The screw machine operates as follows in engine mode. The working fluid (working gas or gas-liquid mixture) is supplied to the inlet pipe 2 under overpressure. Slotted seals 8 and 9 limit the value of volumetric power losses and provide a smooth change in pressure along the chambers 10, one after the other. The maximum pressure is provided in the spiral chamber 10, communicating with the inlet pipe 2, which corresponds to the pressure at the inlet of the engine. Accordingly, the minimum pressure is provided in the spiral chamber 10 in communication with the outlet pipe 3, which corresponds to the pressure at the engine outlet. Due to the pressure drop in the adjacent chambers 10, forces and torque occur on the clip 4 and screw 6, since the screw 6 is eccentrically placed in the clip 4, and the spiral parts of the screw 6 are placed in the screw channels 5 of the clip 4, with the possibility of radial displacement of the clip 4 relative to the screw 6. The screw 6 together with the cage 4 under the influence of these forces are involved in rotational motion. Thus, hydraulic energy is converted into mechanical energy, the power of the rotary screw 6 can be transferred to other machines (these machines are not shown in the figures).
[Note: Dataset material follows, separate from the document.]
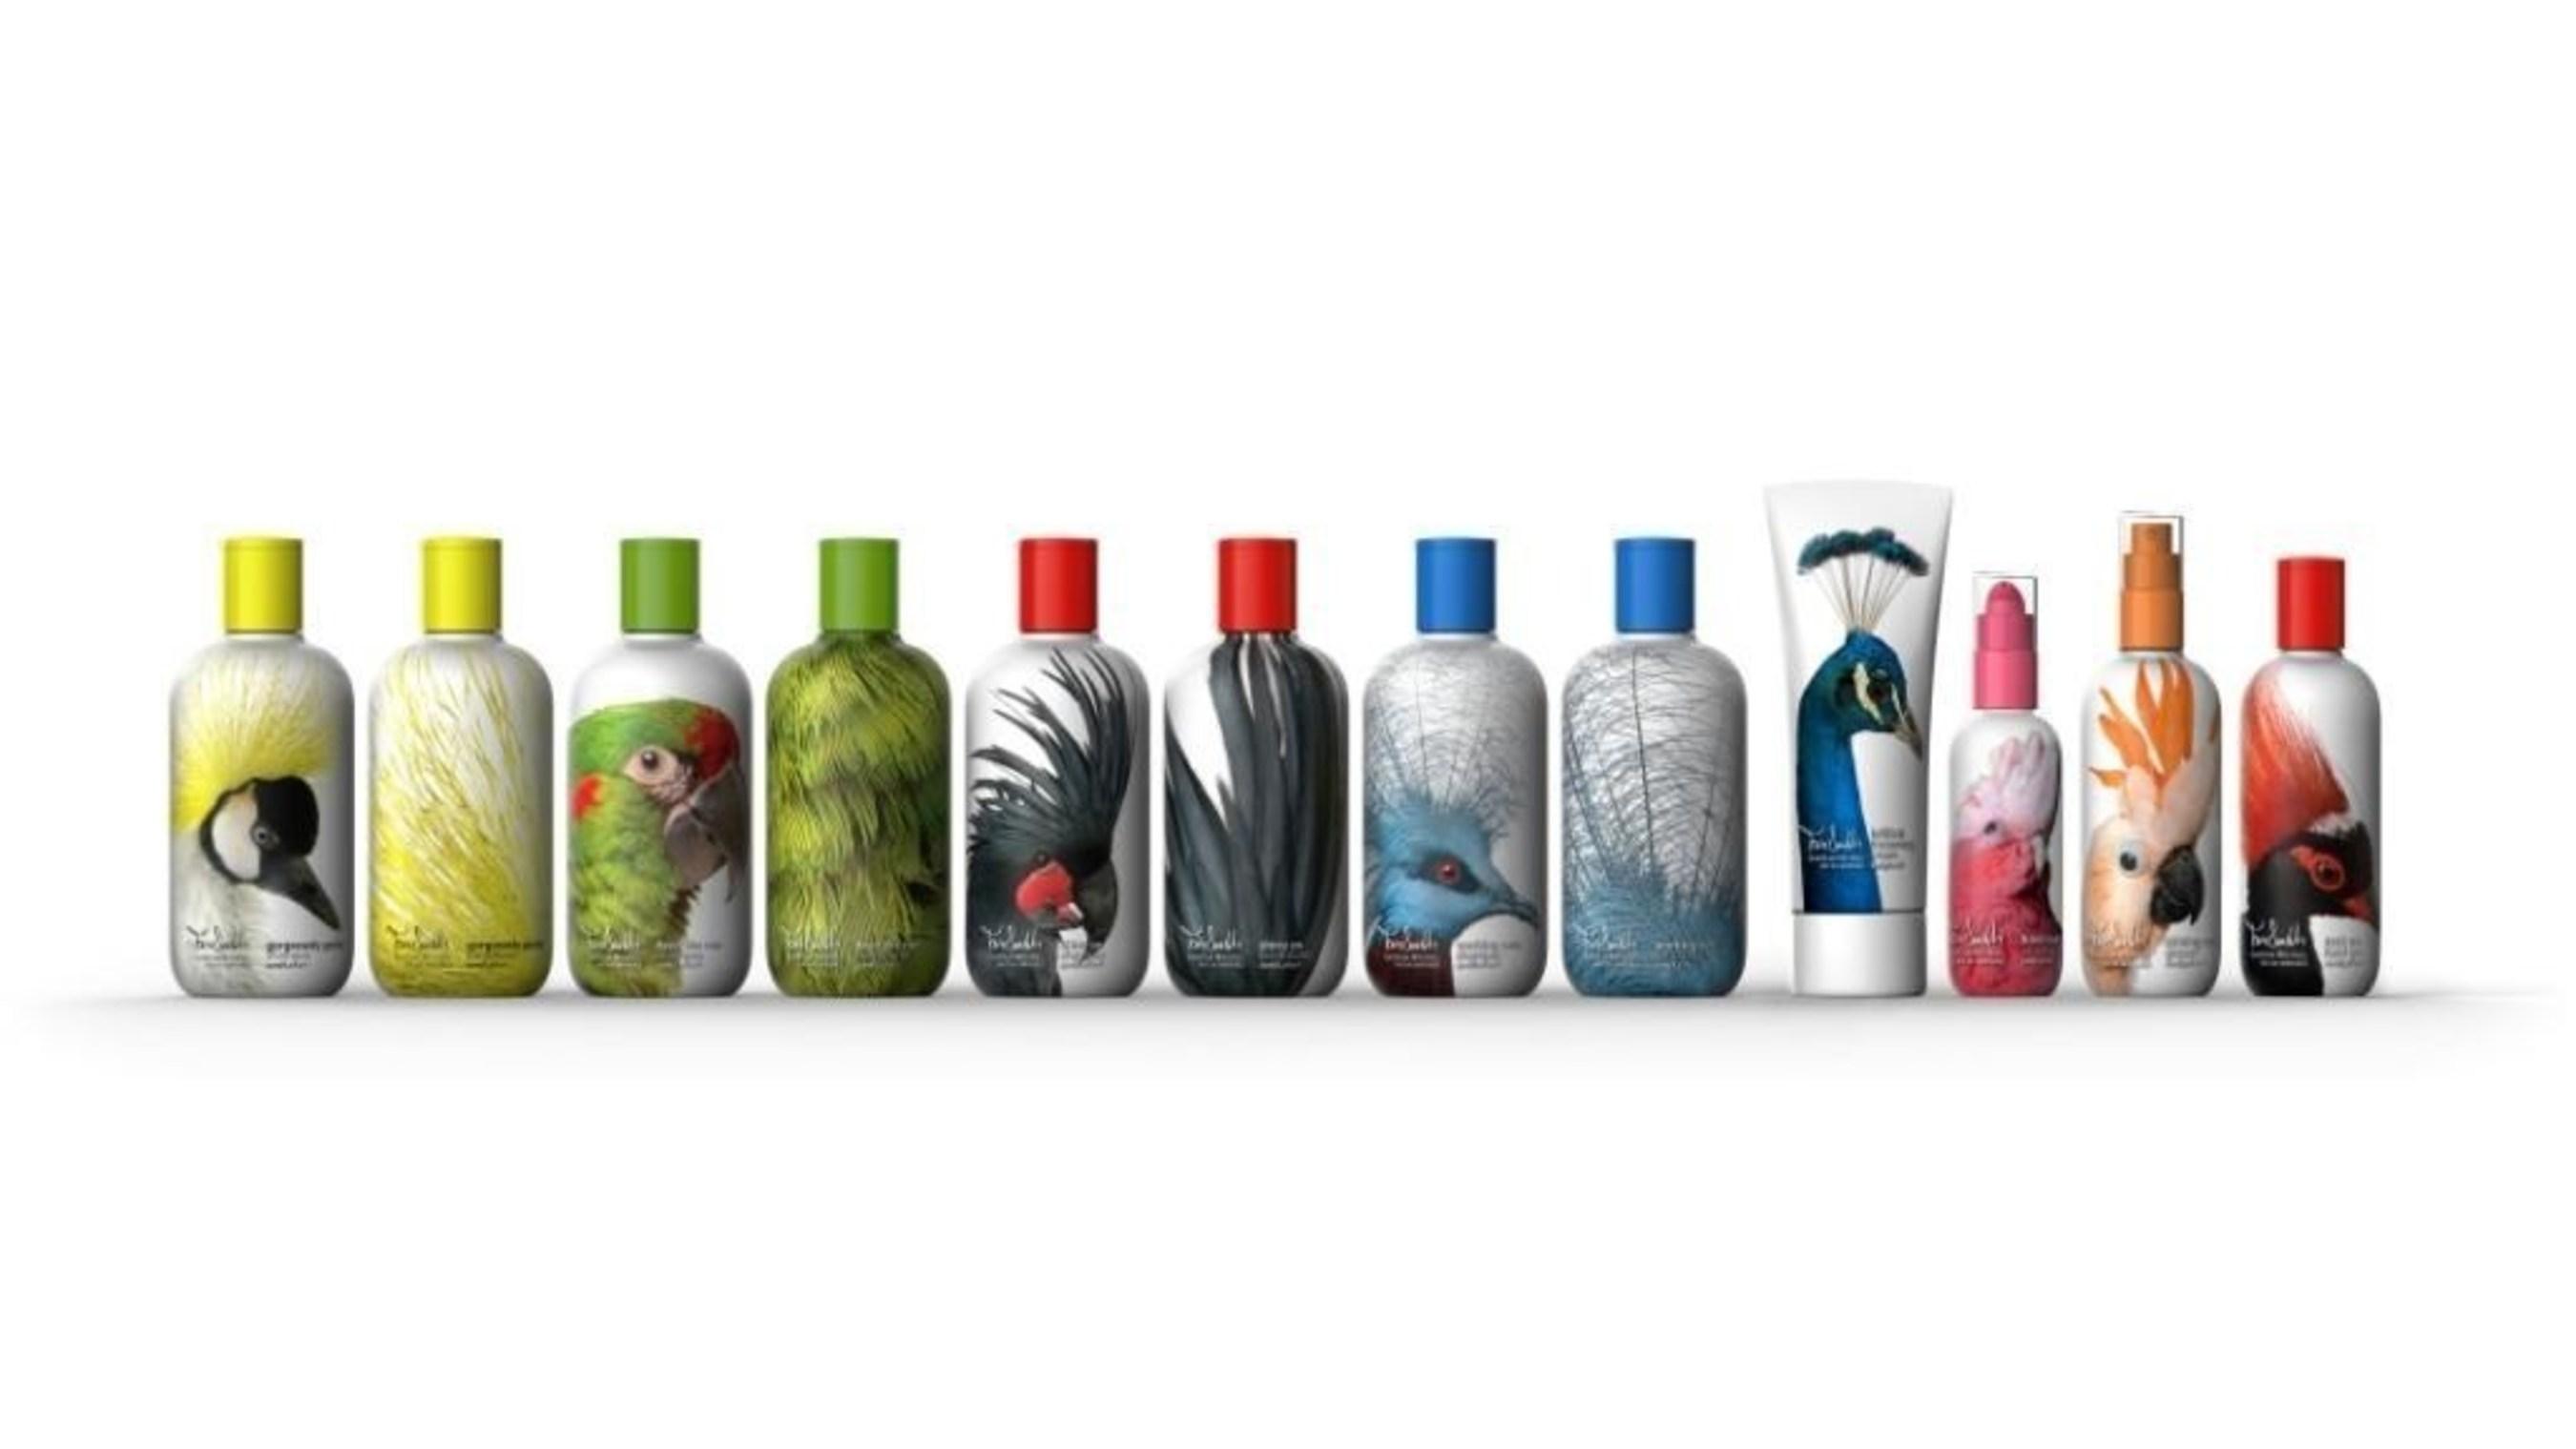 Tara Smith Haircare product range

By improving the kinematic diagram of the machine, the technical task has been solved: the number of moving parts and the rotor mass of the machine have been reduced — a more technologically advanced clip 4 in the form of a spiral spring has been used, a simpler and more technological screw design 6 has been used, which is easily amenable to static and dynamic balancing, which opens up possibilities for increasing the rotor speed of the machine. The simple geometric shapes of the parts used open up opportunities for a wider application of a variety of structural materials and surface hardening technologies. Thus, a technical result is achieved by creating more technologically advanced and more powerful machines, including by increasing the length of the screw and by increasing the rotor speed, using a simpler kinematic scheme and, accordingly, a more reliable design for implementing the work process in the machine .

Claims (2)

1. The screw machine, comprising a housing with inlet and outlet nozzles, a cage with screw channels and a screw eccentrically placed in the cage, and the spiral parts of the screw are located in the screw channels of the cage, with the possibility of radial displacement of the cage relative to the screw, characterized in that the cage is made in in the form of a spiral spring concentrically placed in the housing bore with the formation of spiral gap seals in the gap between the spiral spring and the housing bore, the screw is placed close to the surface of the housing bore with the formation additional gap seal due to the gap between the outer surface of the screw and the surface of the bore of the housing, with the possibility of the formation inside the housing of successive spiral chambers, separated from each other by spiral and additional gap seals, and the screw is equipped with locking elements restricting the movement of the coil spring along helical grooves in the screw. 2. The screw machine according to claim 1, characterized in that the bore of the casing, the cage in the form of a spiral spring and the screw are made conical, while the volume of the formed spiral chambers inside the casing decreases as it moves toward the conical part of the bore of the casing with a smaller diameter.